▶ [Data section]:
· · · · · · ·
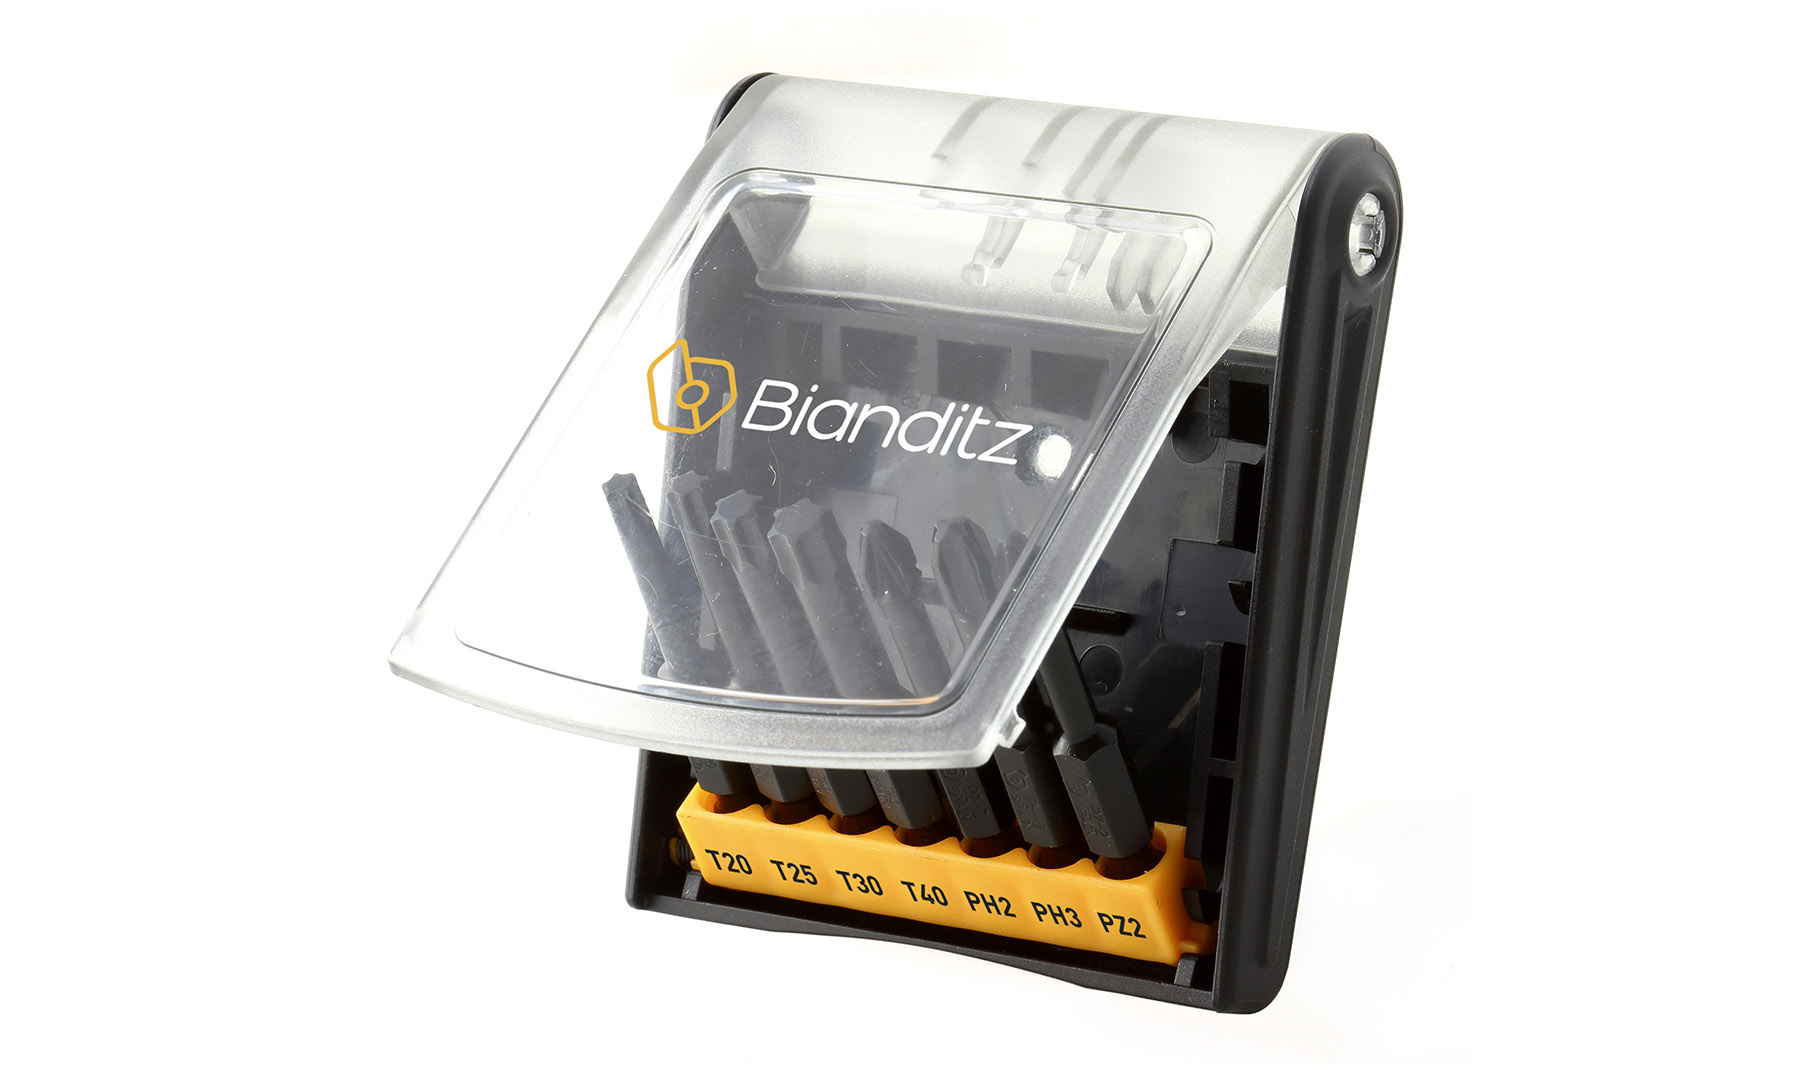 puntas de impacto Bianditz
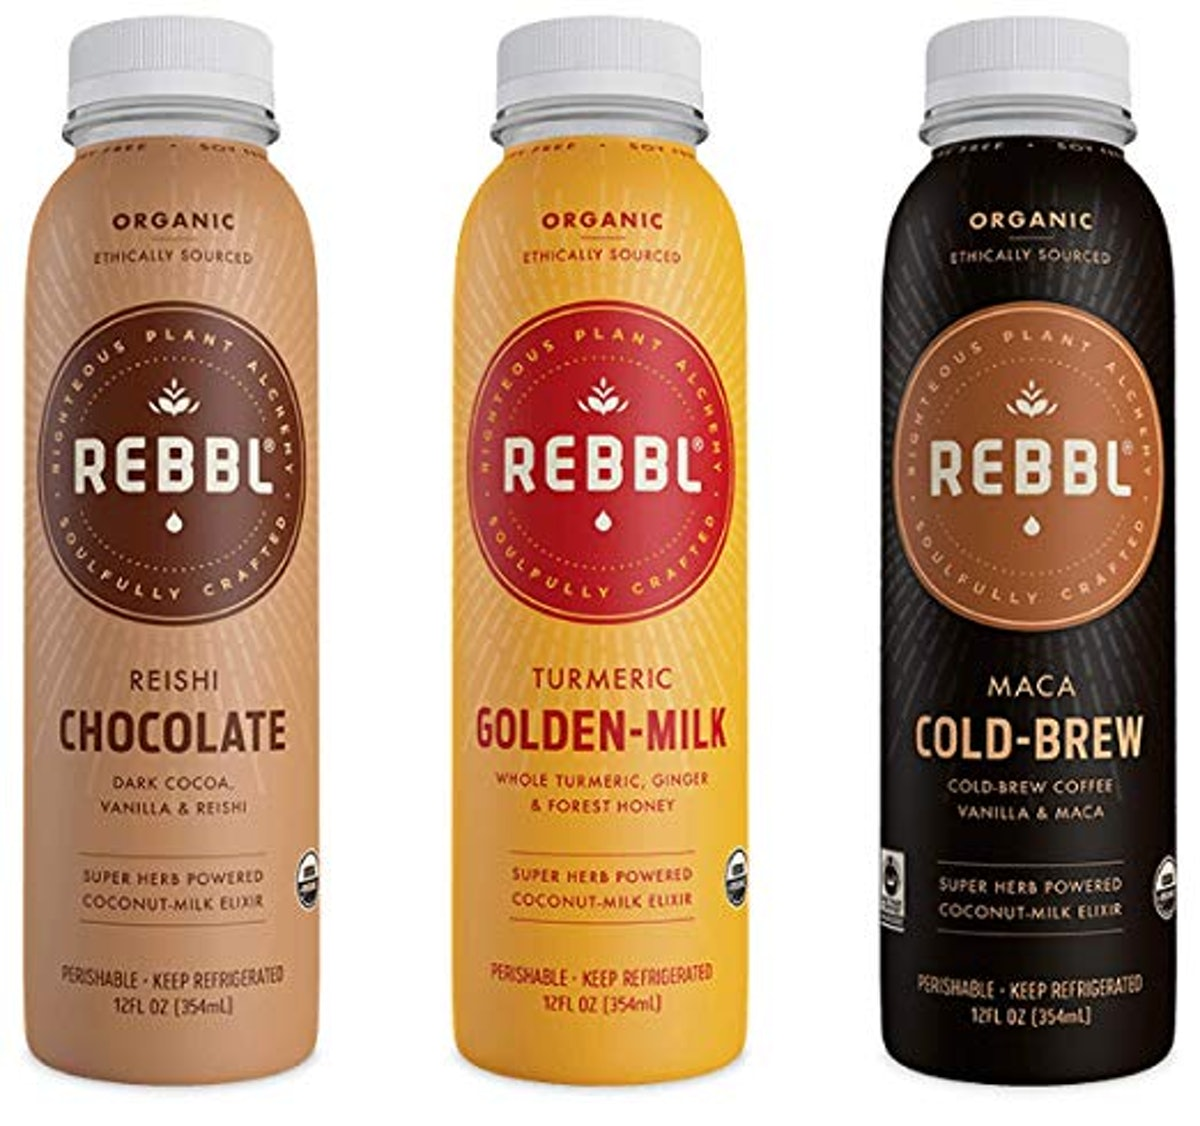 REBBL Variety Pack (6-Pack)
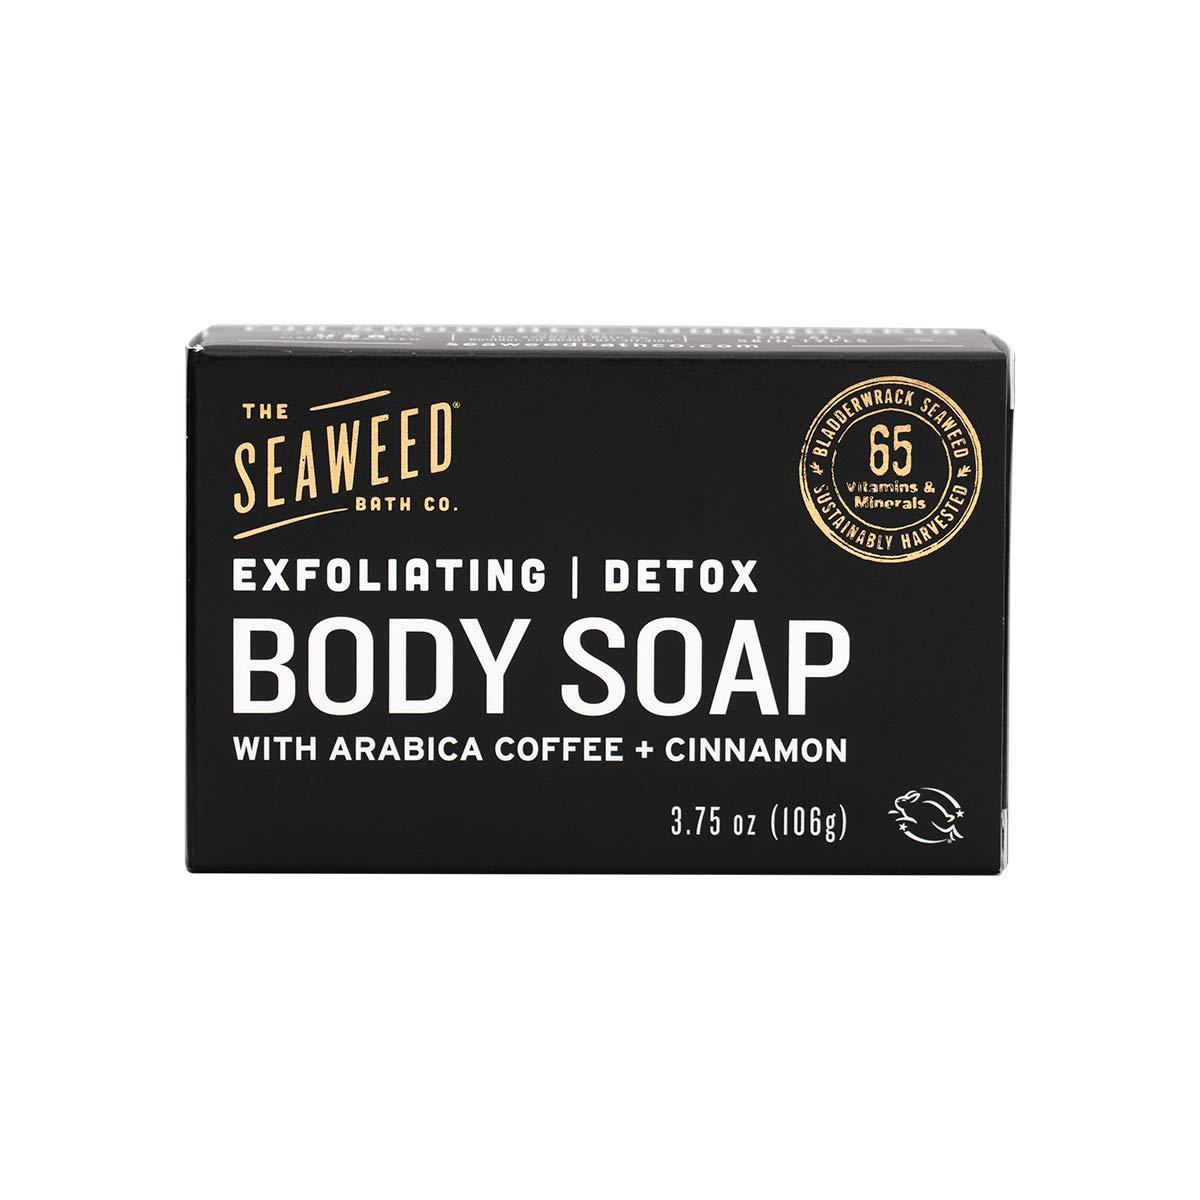 The Seaweed Bath Co. Exfoliating Detox Body Soap
· · · · · · ·
▶ [Your assignment]:
Restate each line of the material word for word, skipping any picture.

▶ [Solution for this task]:
 puntas de impacto Bianditz
 REBBL Variety Pack (6-Pack)
 The Seaweed Bath Co. Exfoliating Detox Body Soap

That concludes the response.